## Provided data

= Beginning of Section =

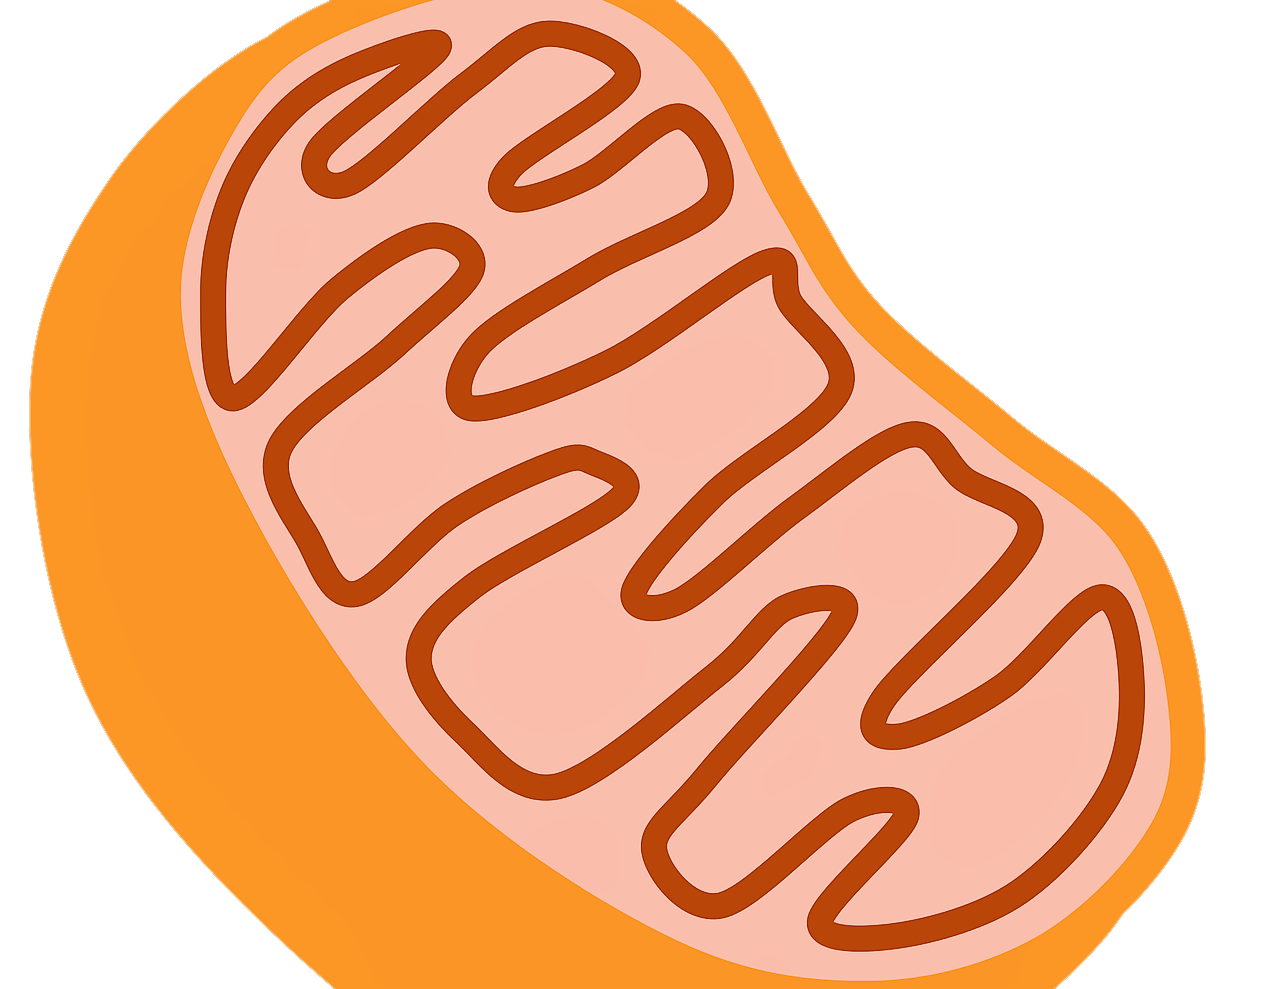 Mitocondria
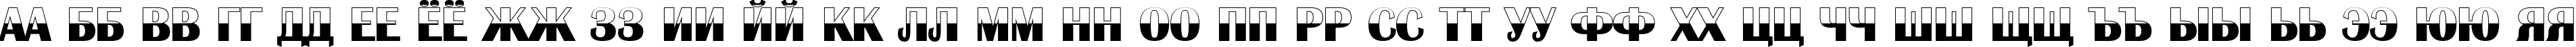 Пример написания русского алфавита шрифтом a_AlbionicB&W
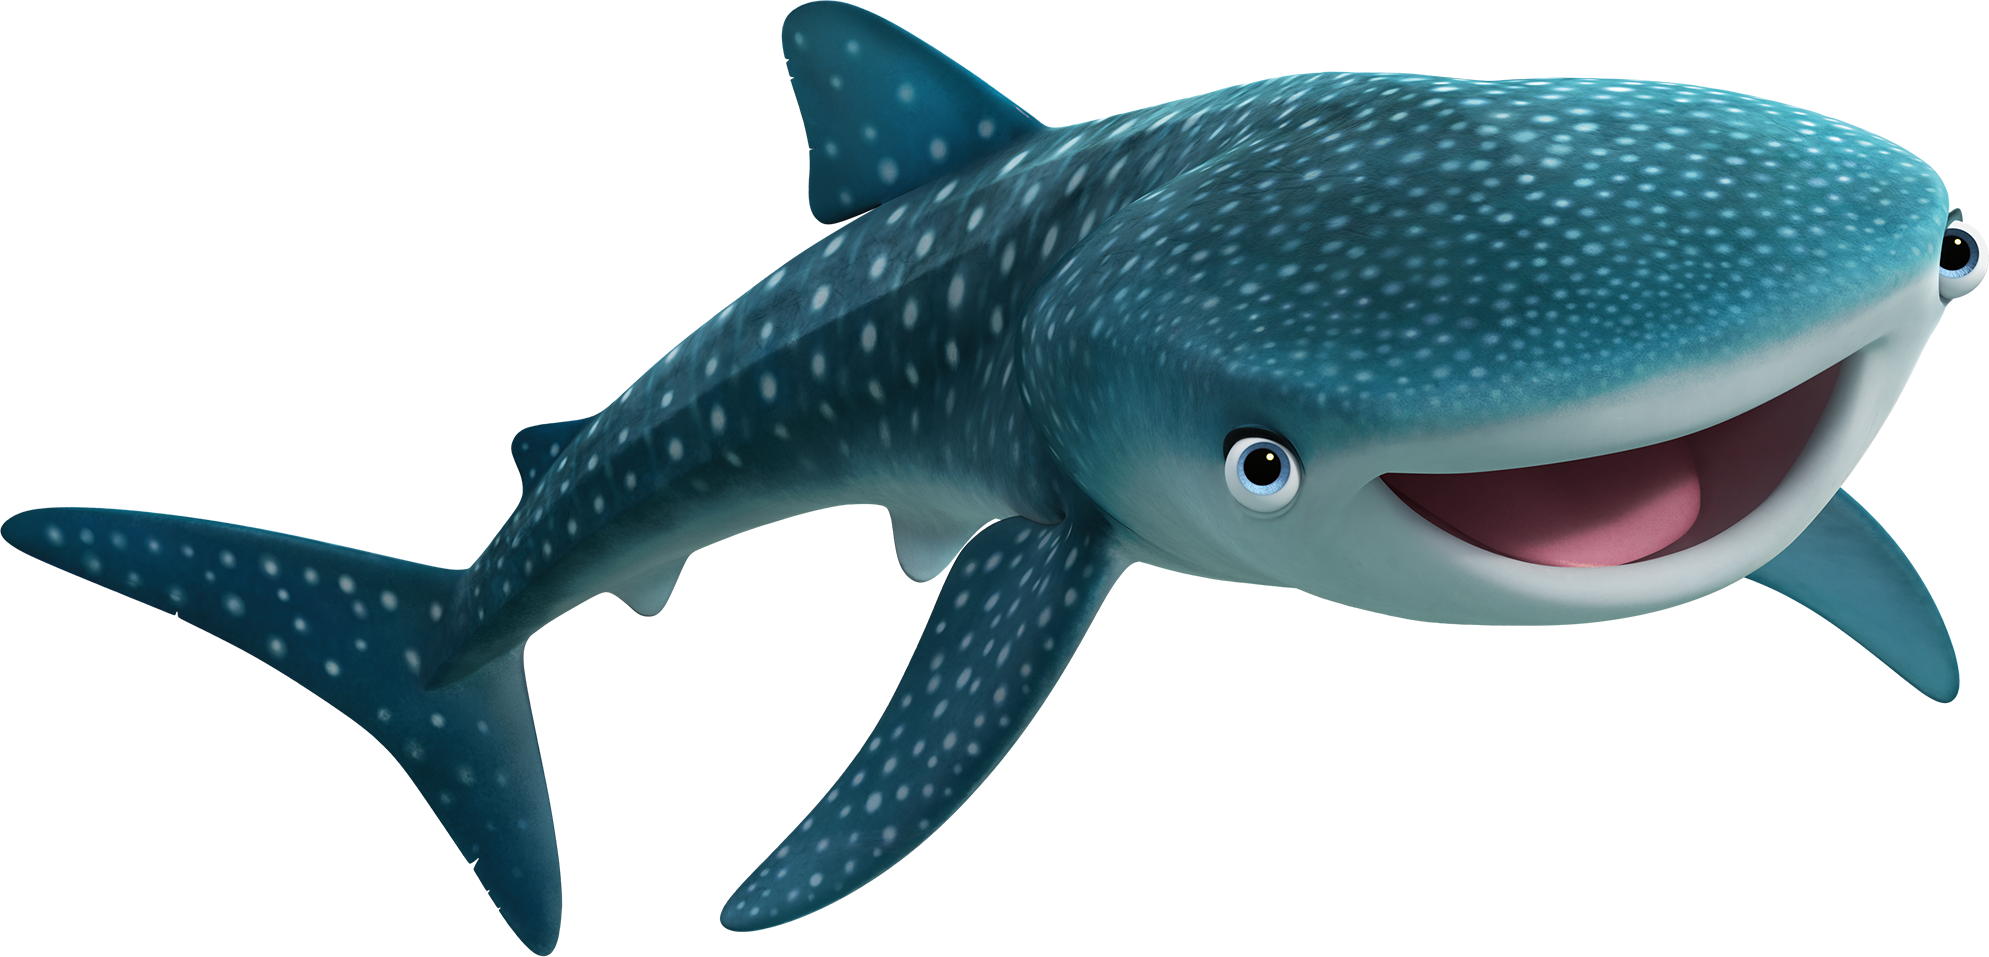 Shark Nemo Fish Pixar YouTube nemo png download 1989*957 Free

= End of Section =

## Try it
Exactly the lines from the line that contains "Пример написания русского" through the last line above, and no other lines, must be output, with pictures excluded.

## Your solution
 Пример написания русского алфавита шрифтом a_AlbionicB&W
 Shark Nemo Fish Pixar YouTube nemo png download 1989*957 Free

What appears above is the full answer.